Warner, who retired at 53 after multiple operations for degenerative-disc disease and failed-back syndrome, said he is only one of many people who received such kindness from Nickell.
“If you knew Jimmy, you knew his infectious laugh, extravagant generosity and inexhaustible optimism,” Warner said. “We are all left poorer by his death but so much richer by his life.”
While living in Kansas City, Nickell volunteered for more than 15 years at Central Baptist Theological Seminary in Shawnee, Kansas. He also served on the board of directors of the Alphapointe Foundation, a nonprofit agency that provides rehabilitation and occupational services for people with vision loss.
He is survived by Kaye, his wife of 62 years, their three daughters and four grandchildren: Kelly and Steve Ediger of Mission, Kansas, and son Jonathan; Kenda and Scott Carey of St. Charles, Missouri, and daughter Emma; and Kristi and Jeff Cates of Kansas City, Missouri, and sons Chandler and Cambridge.
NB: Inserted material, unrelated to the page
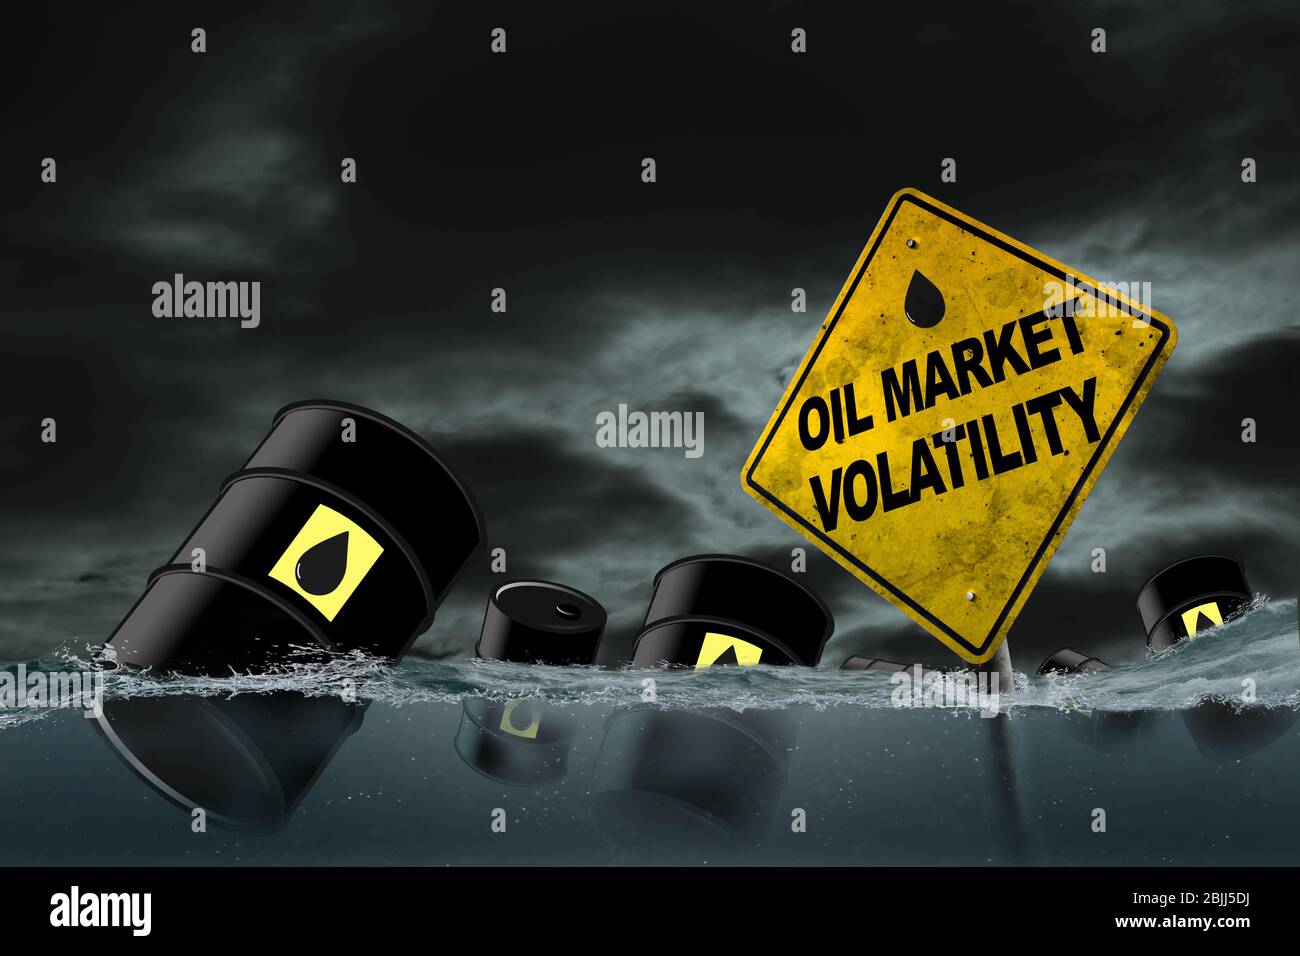 Oil market volatility concept of energy crisis, oil price fluctuations, risk from energy or oil company stock loss from commodity price uncertainty. C Stock Photo

A celebration of life memorial service is scheduled at 11 a.m., Monday, Nov. 25, at Second Baptist Church in Liberty. Family members will be available to receive guests prior to the service beginning at 9:30 a.m. Interment at Fort Leavenworth Military Cemetery is scheduled for 1:30 p.m.
In lieu of flowers, the family requests that memorial gifts be made to the Ardelle and Hardy Clemons Endowment Fund – intended to create a residency in faith-based journalism and established in 2008 through a lead gift from Jimmy and Kaye Nickell – at Baptist News Global. Gifts should be designated “Clemons Fund” and mailed to BNG, P.O. Box 21148, Winston-Salem, NC 27120, or made online.
Letters of remembrance may be sent to The Nickell Family, Second Baptist Church, 300 East Kansas Street, Liberty, MO 64068.